Москва порадовала Герцена буйством интеллектуальной жизни и свободных дружеских дискуссий, Владимир держал службой, семейным приютом. Но пора Александру Ивановичу отправляться в Петербург. Отец упорен, да и должность по канцелярии Министерства внутренних дел, определенная графом Строгановым, вполне подходящая для настойчивого желания Ивана Алексеевича.

Итак, многократно повторяемый путь из Владимира в древнюю столицу, а оттуда – в невскую «резиденцию» (К. Аксаков употреблял именно это слово как дань предпочтения допетровской Москве) уставлен непременными вехами в далеко не определившейся до конца карьере Герцена. Писать или служить?

Глава 19
СВИДАНИЕ С ПЕТЕРБУРГОМ
 
…Куда-то кажет вдаль рукою
С коня могучий великан…
 
Н. П. Огарев. Юмор

Одиннадцатого декабря 1839 года в девять часов утра Герцен занял абонированное им место в дилижансе, чтобы отправиться в Петербург.

Перед отъездом, когда каждая минута на счету, предстояло уладить все дела, встретиться с друзьями, нанести необходимые визиты. Чтобы не огорчать Ника продолжением ссоры с его женой, Александр решил кончить дело миром, объясниться с Мари. Надо успокоить друга, хотя понятно, что перемирие – временное. (В конце концов, семейный союз Огаревых все же будет разорван.)

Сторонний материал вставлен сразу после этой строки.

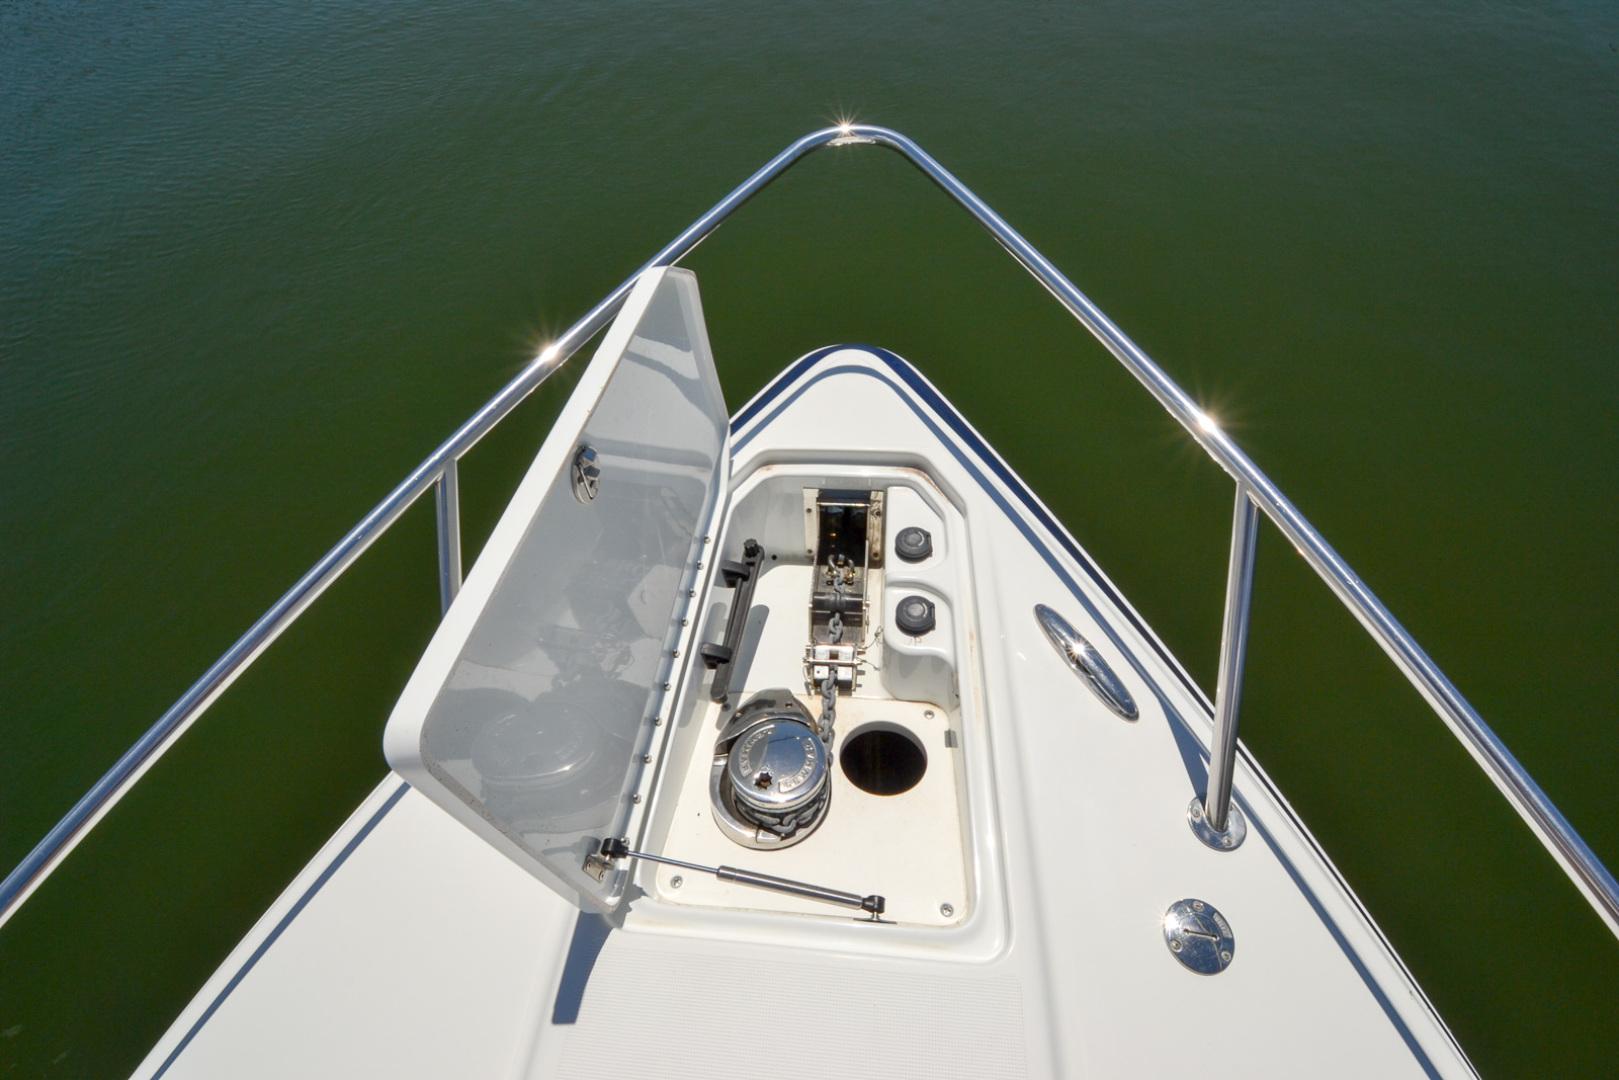 Anchor & Windlass

Встречи с прошлым тоже не принесли особой радости Герцену: Татьяна и Вадим Пассек не продвинулись с 1833 года «ни на шаг вперед», «лучше б ее не видеть», так она изменилась после замужества. Да и он изменился, «попавши в славянизм». «…А может, не он, а мы двинулись вперед, – записал Герцен после смерти друга, – а он остался на старом месте». Постоянные вторжения в его жизнь Медведевой, которой он не уставал помогать, укоряли напоминанием и никак не давали улечься досужим сплетням.

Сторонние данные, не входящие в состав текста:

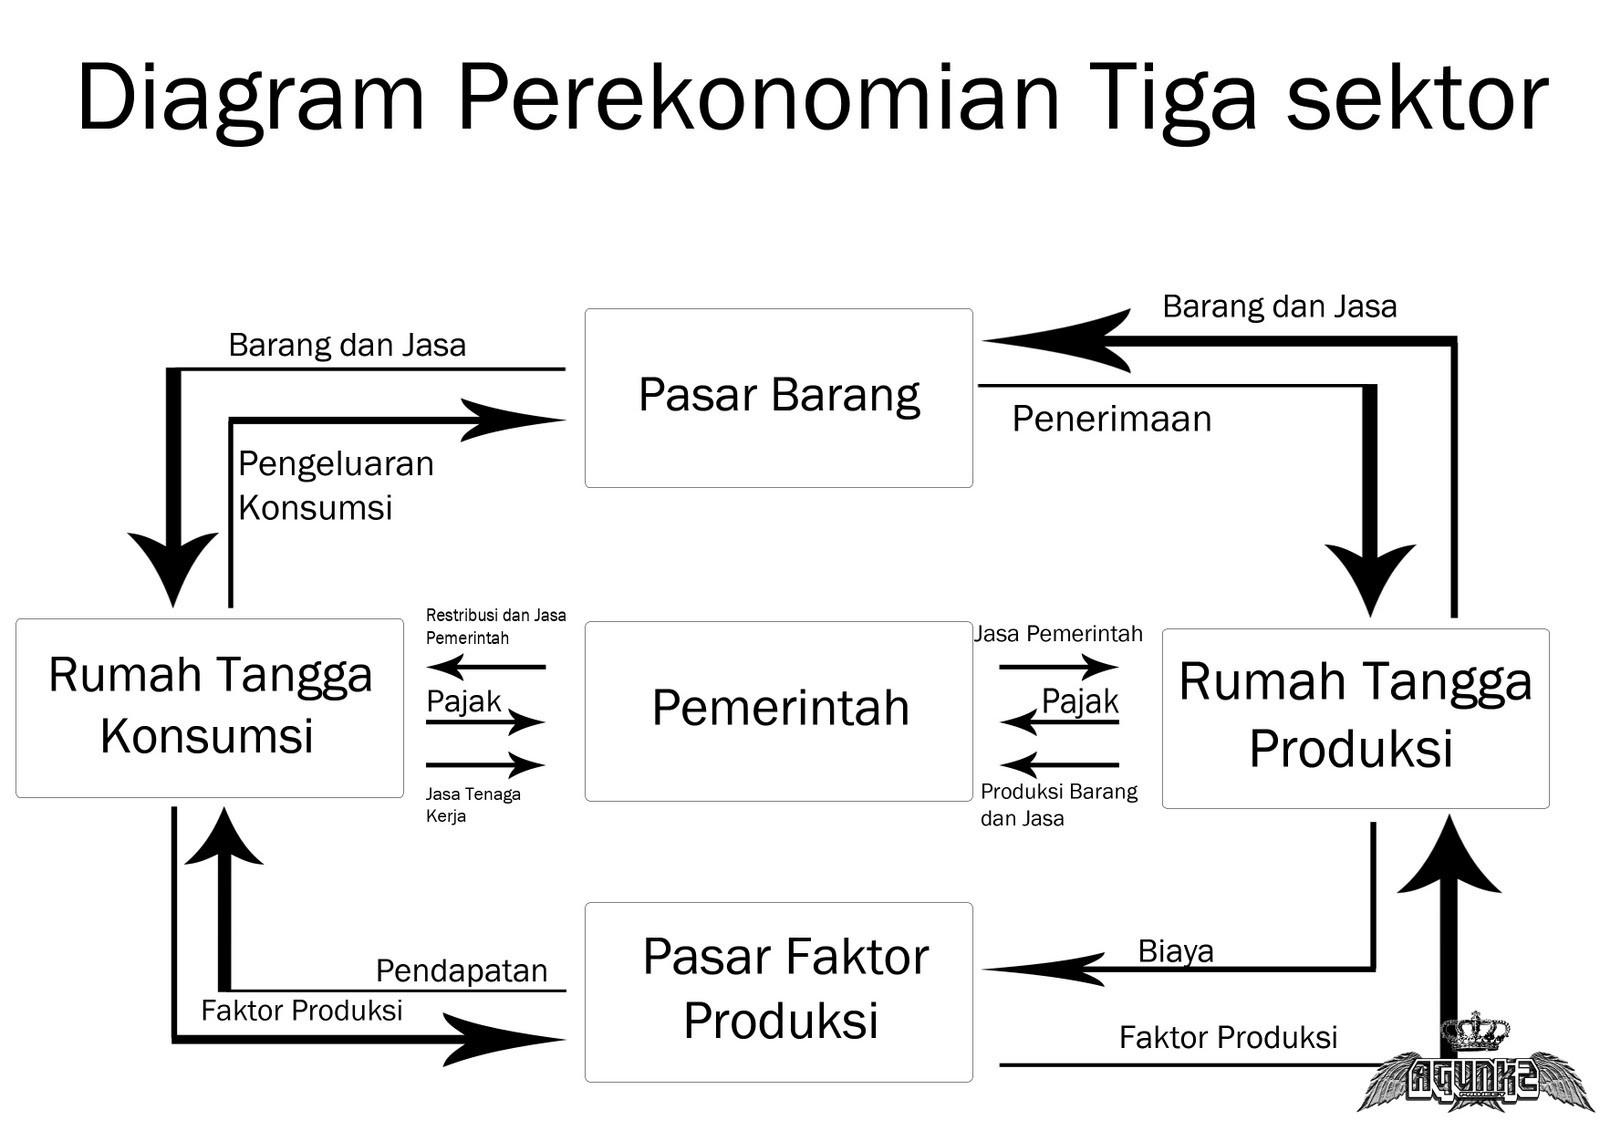 Diagram pelaku ekonomi 3 sektor perekonomian tertutup materi ekonomi diagram pelaku ekonomi 3 sektor ccuart Images

За два-три часа до отъезда Герцен писал жене: любит, скучает, волнуется, грустит без Сашки. Да ему просто недостает «половины бытия».

Недолгая разлука с «венчальным» Владимиром, а теперь с домашней Москвой… В блистательную столицу Герцен ехал впервые.

Не он первый миновал этот путь, не ему первому удалось собрать мысли, явившиеся в изобилии на дальней дороге: есть, известно, блестящие образцы литературных описаний подобных путешествий из Москвы в Петербург и обратно. У него взгляд, конечно, свой, особенный. И через пару лет он обобщит все эти наблюдения в сатирических очерках-фельетонах «Москва и Петербург», «Новгород Великий и Владимир-на-Клязьме», которые в списках – раз цензурой не допущены – пойдут по рукам.

Каким будет это первое свидание с великим городом?

Каким же будет его незамутненный взгляд при обозрении окрестностей двух главных российских городов?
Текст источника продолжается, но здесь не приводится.